Он вздохнул, послушно вытащил ключ.

— Да я его сразу закрыл.

На улице я огляделся, место хорошее, магазины должны быть близко, глупо брать извозчика, окликнул пробегающего мимо мальчишку:

— Эй, Гаврош!.. Где ближайший оружейный магазин?

Он остановился, оглядел нас с головы до ног.

— Пять копеек, сам отведу!

Иван заворчал, неслыханное дело, в деревне за пять копеек с утра до ночи нужно проработать, а тут такое обдиралово, я сказал лениво:

— Одна, и давай быстрее!

— Три, — сказал он.

— Не хочешь, как хочешь, — сказал я. — Пойдем, Иван.

Мы сделали пару шагов, мальчишка вскрикнул:

— Ладно согласен!

Я кивнул, он понесся вперед, оглядываясь, магазин оказался через квартал, Иван заворчал, мы и так в эту сторону шли, я бросил монетку мальчишке, он поймал её на лету и тут же умчался.

Иван сказал мне в спину:

— И полушки бы хватило. Ишь, какой наглый.

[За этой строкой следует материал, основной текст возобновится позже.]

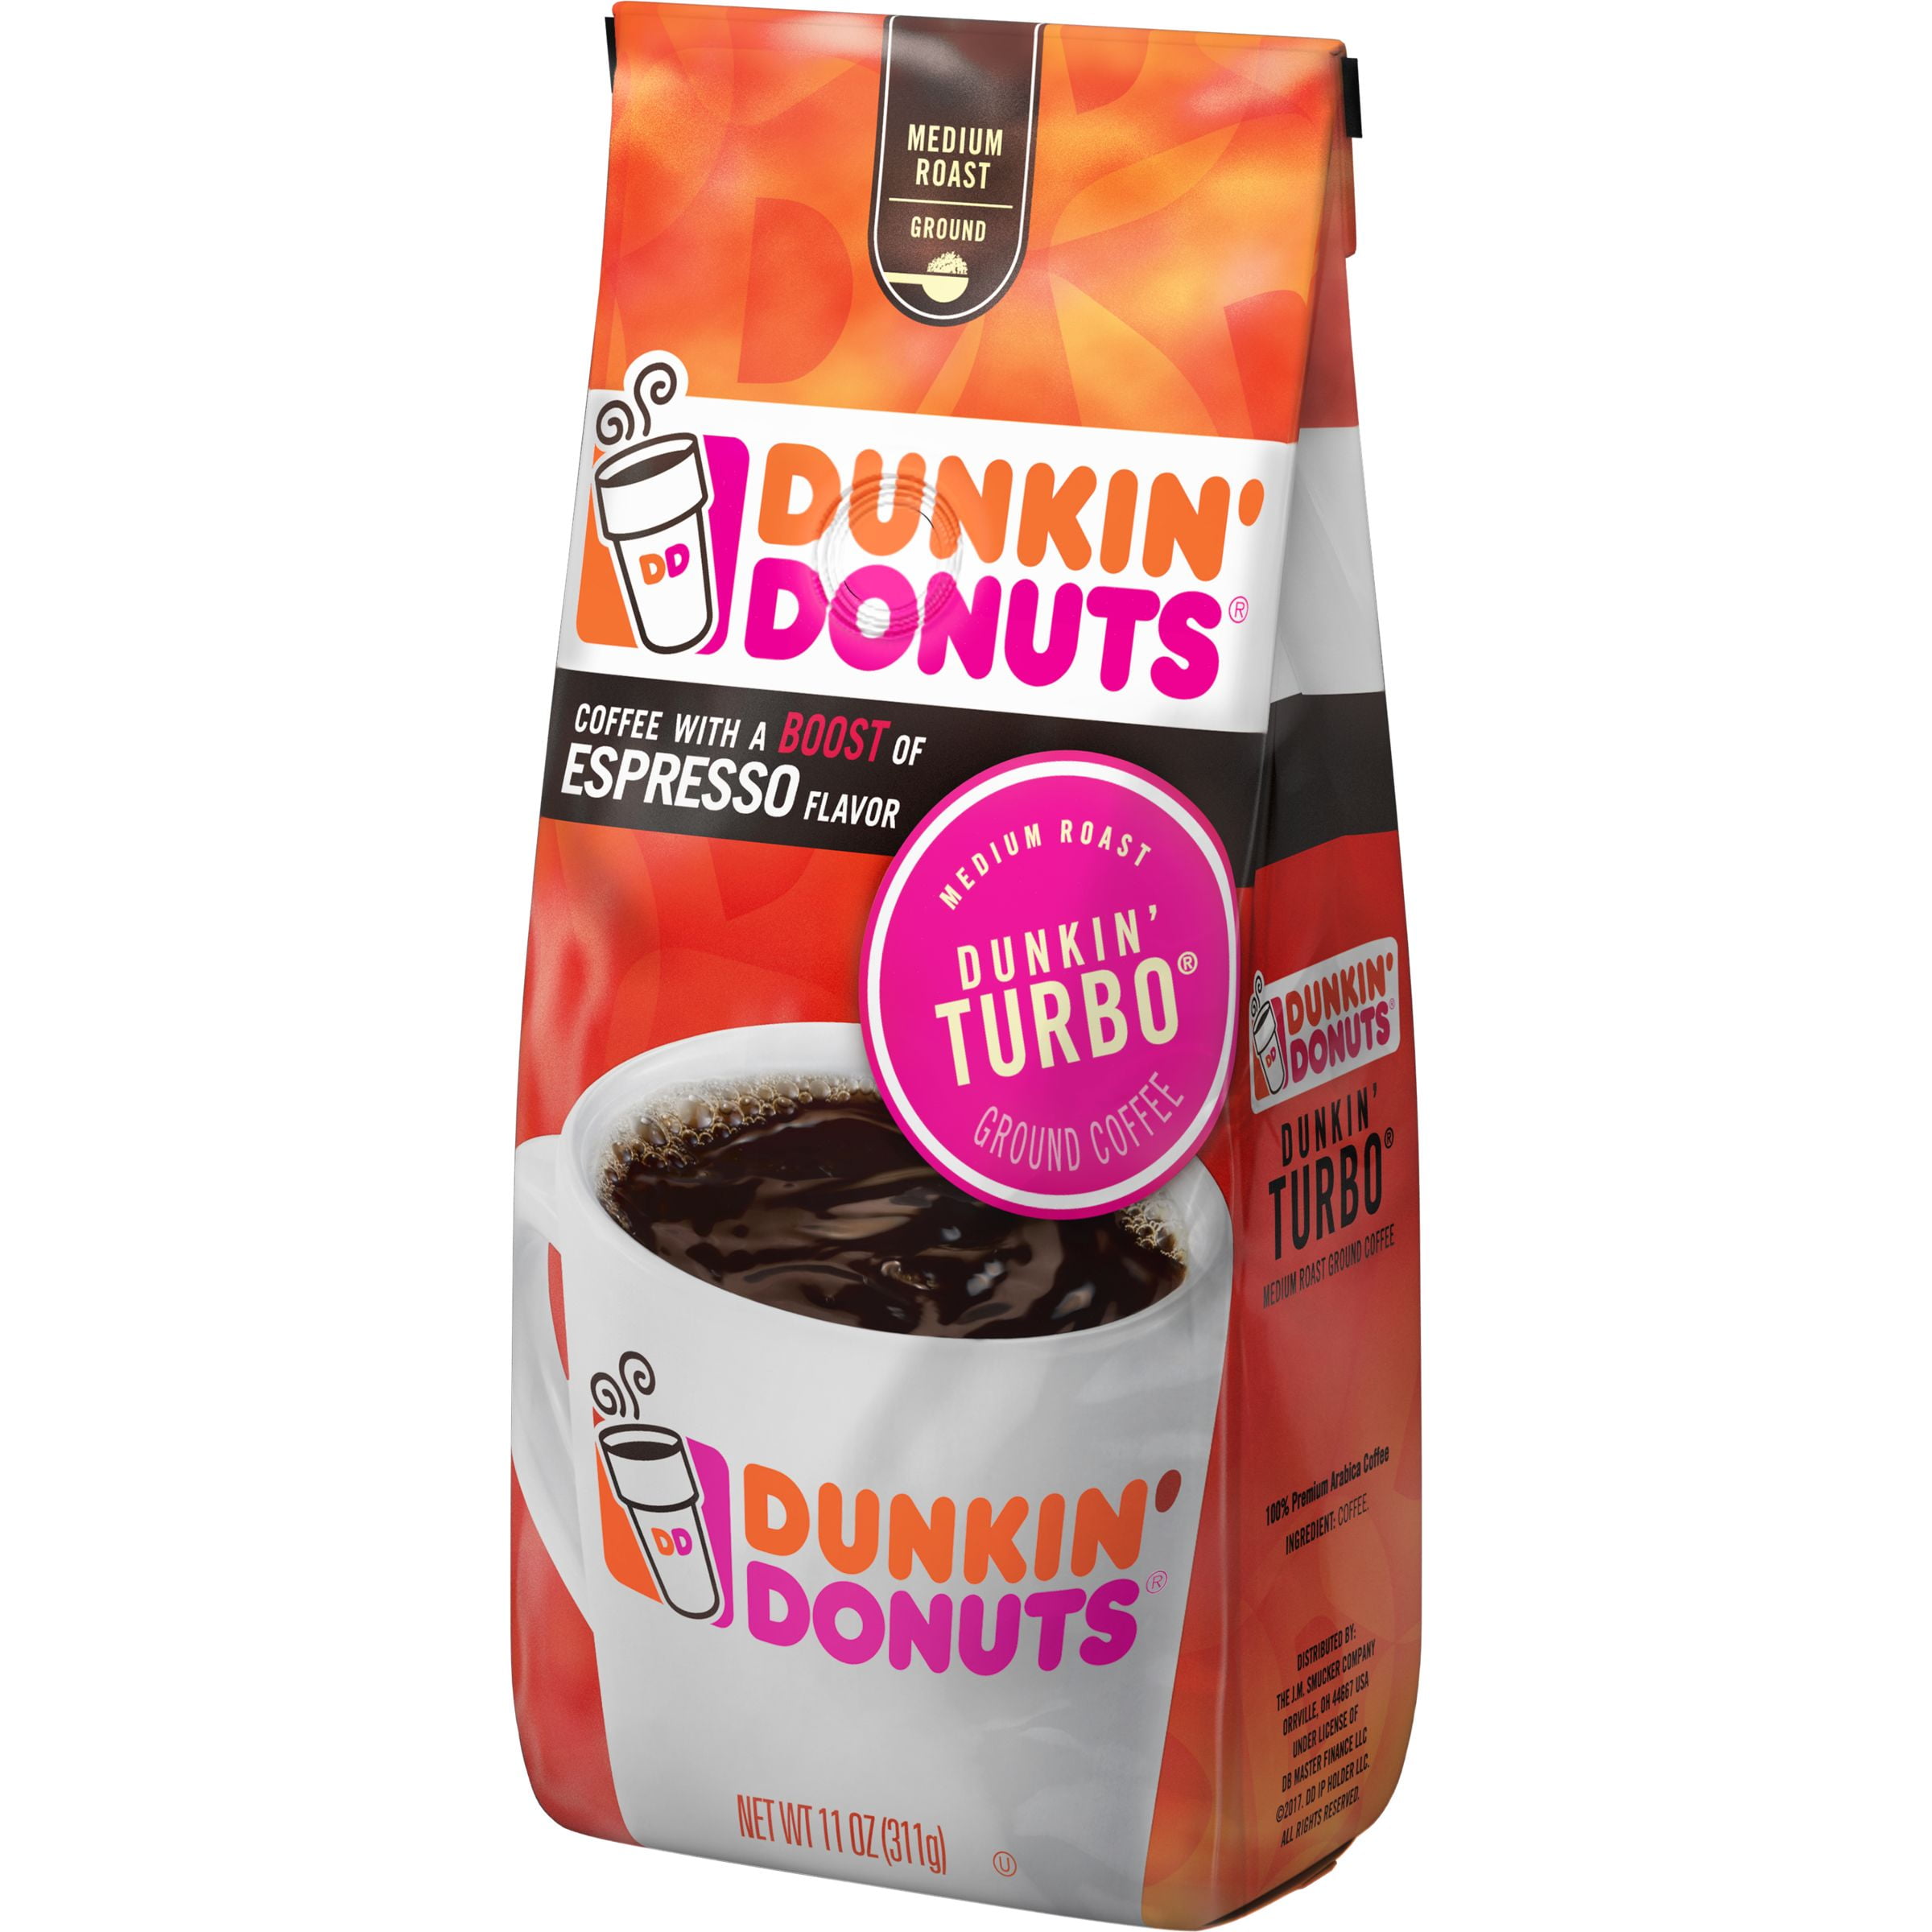 2012 DUNKIN DONUTS COFFEE HAPPY BIRTHDAY GIFT CARD COLLECTIBLE NO VALUE

— Это столица, — напомнил я. — Тут полушками уже не пользуются. Инфляция, дружище.

Он дёрнулся, даже не среагировав на незнакомое слово, больше тревожит непонятно дружеское отношение, а не вдарю ли следом?

Над дверью магазина неброская вывеска крупными буквами «Лавка оружия и редкостей».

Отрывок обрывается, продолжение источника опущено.